Directions for this task: Within the listing below, give again exactly the lines between the one containing "Christmas In Portugal.Lisbon" and the one containing "A(定制现货)唐草纹棉围巾柴犬三角巾蝴蝶结宠物猫狗狗配饰 柠檬巾", inclusive, pictures left aside.

Supplied data:
+--

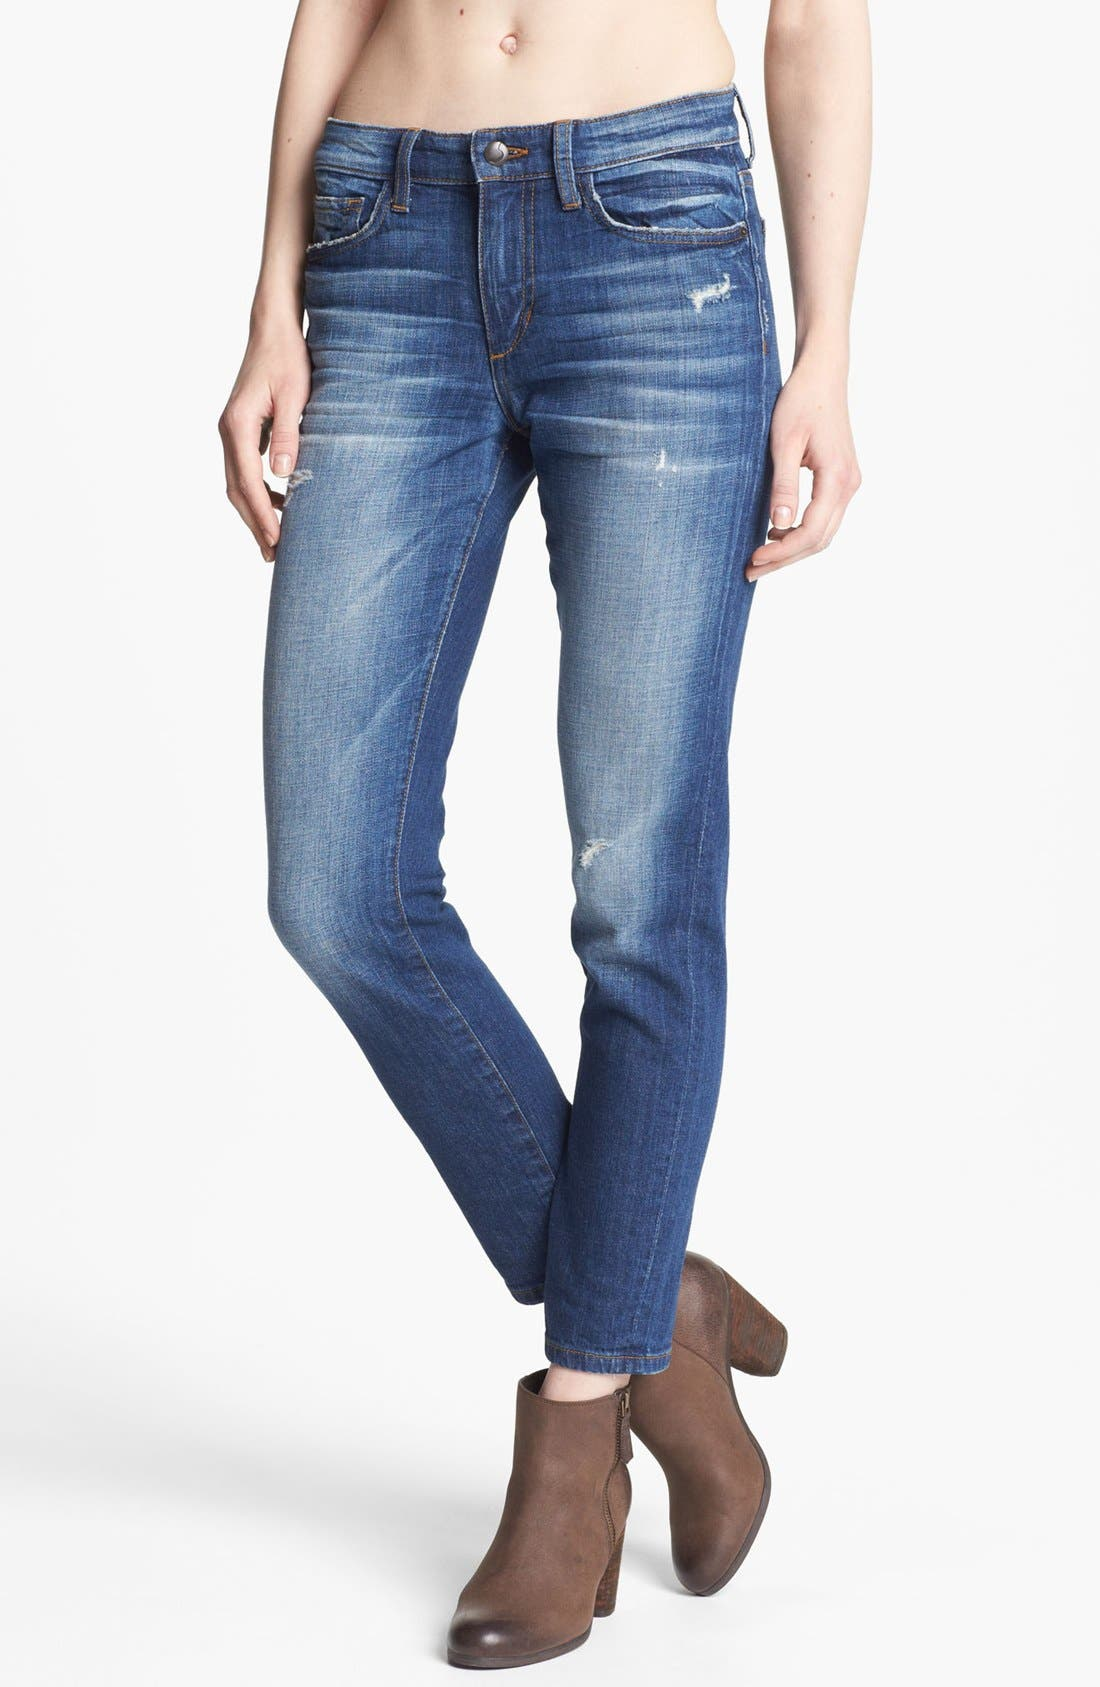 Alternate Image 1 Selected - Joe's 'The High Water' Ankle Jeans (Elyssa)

+--

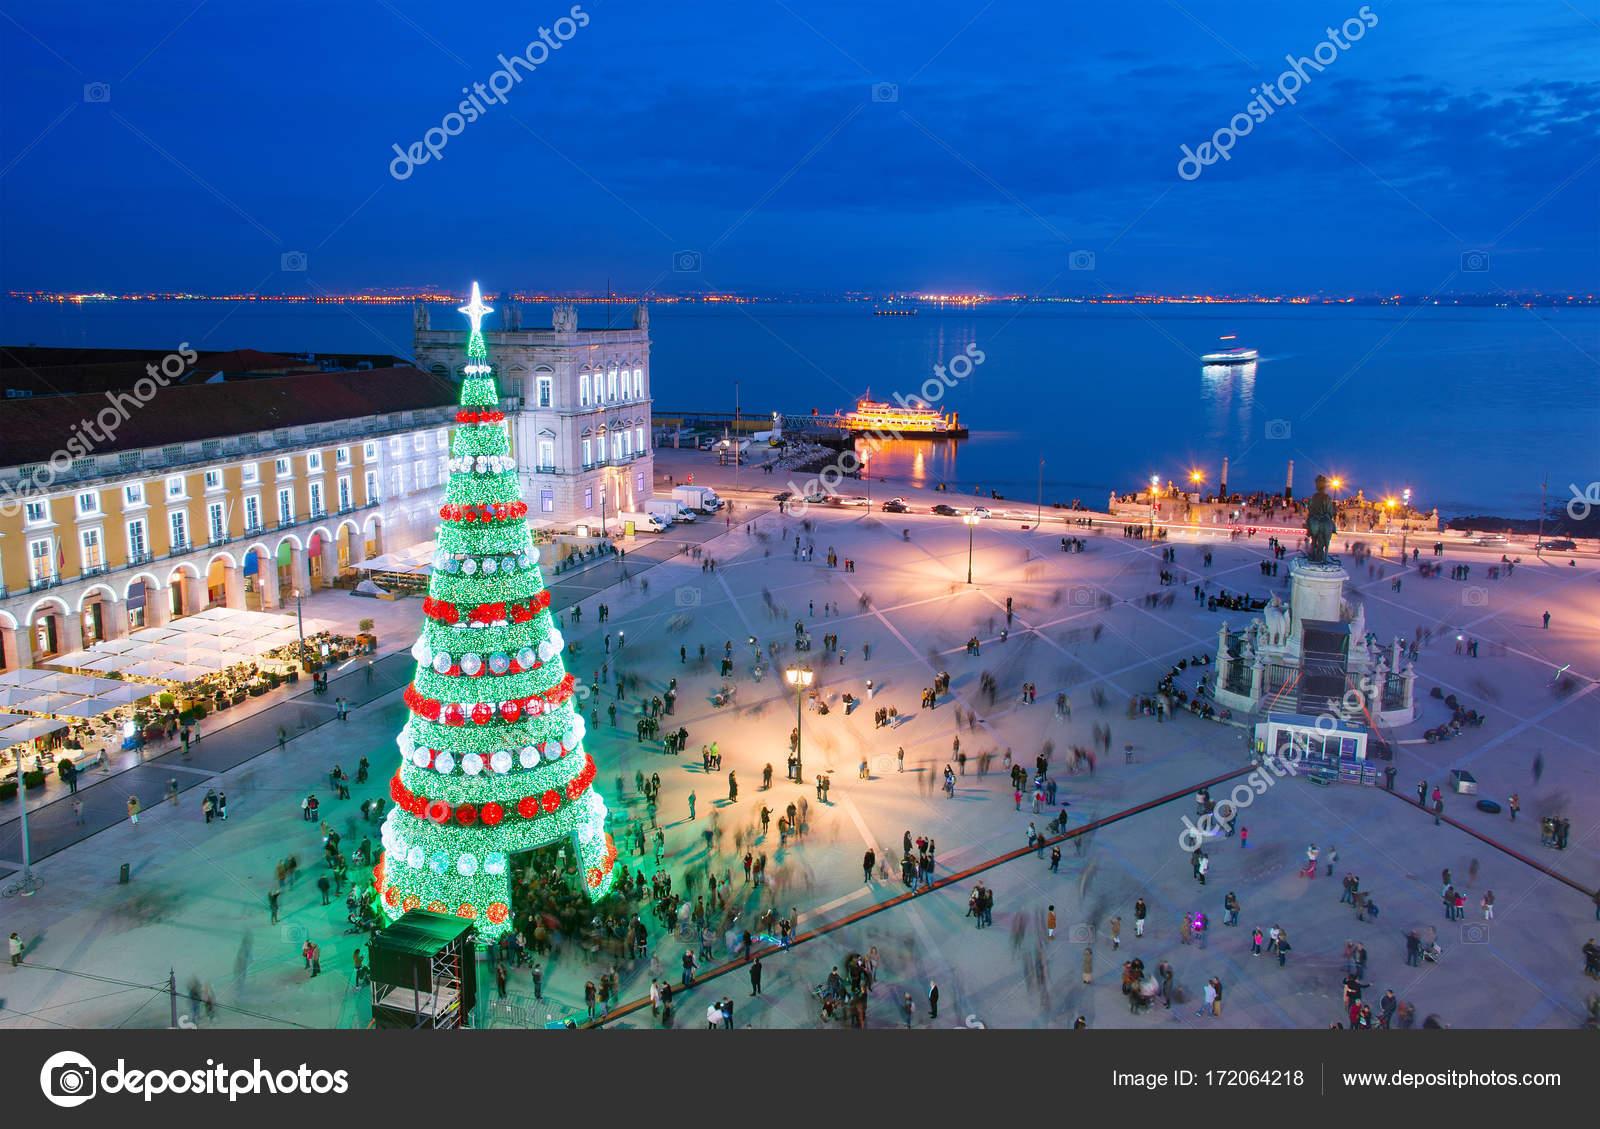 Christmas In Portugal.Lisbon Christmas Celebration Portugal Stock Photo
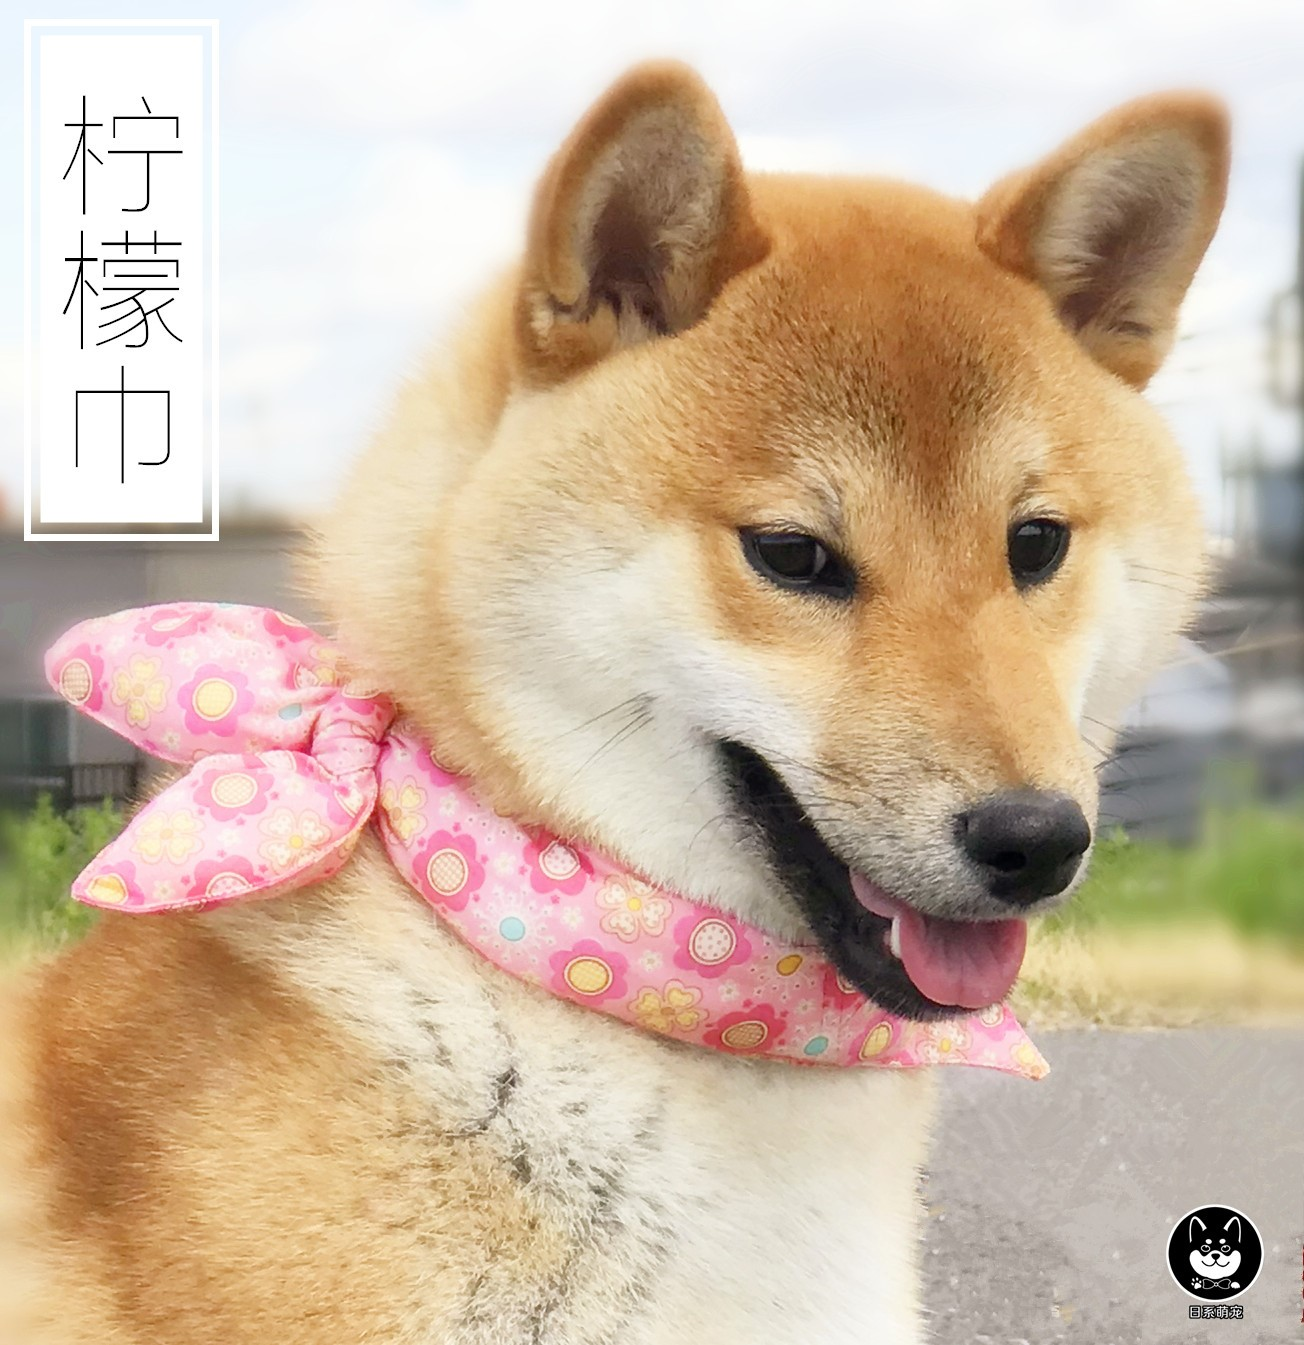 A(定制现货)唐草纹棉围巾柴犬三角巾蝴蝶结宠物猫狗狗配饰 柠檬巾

+--

Task output:
 Christmas In Portugal.Lisbon Christmas Celebration Portugal Stock Photo
 A(定制现货)唐草纹棉围巾柴犬三角巾蝴蝶结宠物猫狗狗配饰 柠檬巾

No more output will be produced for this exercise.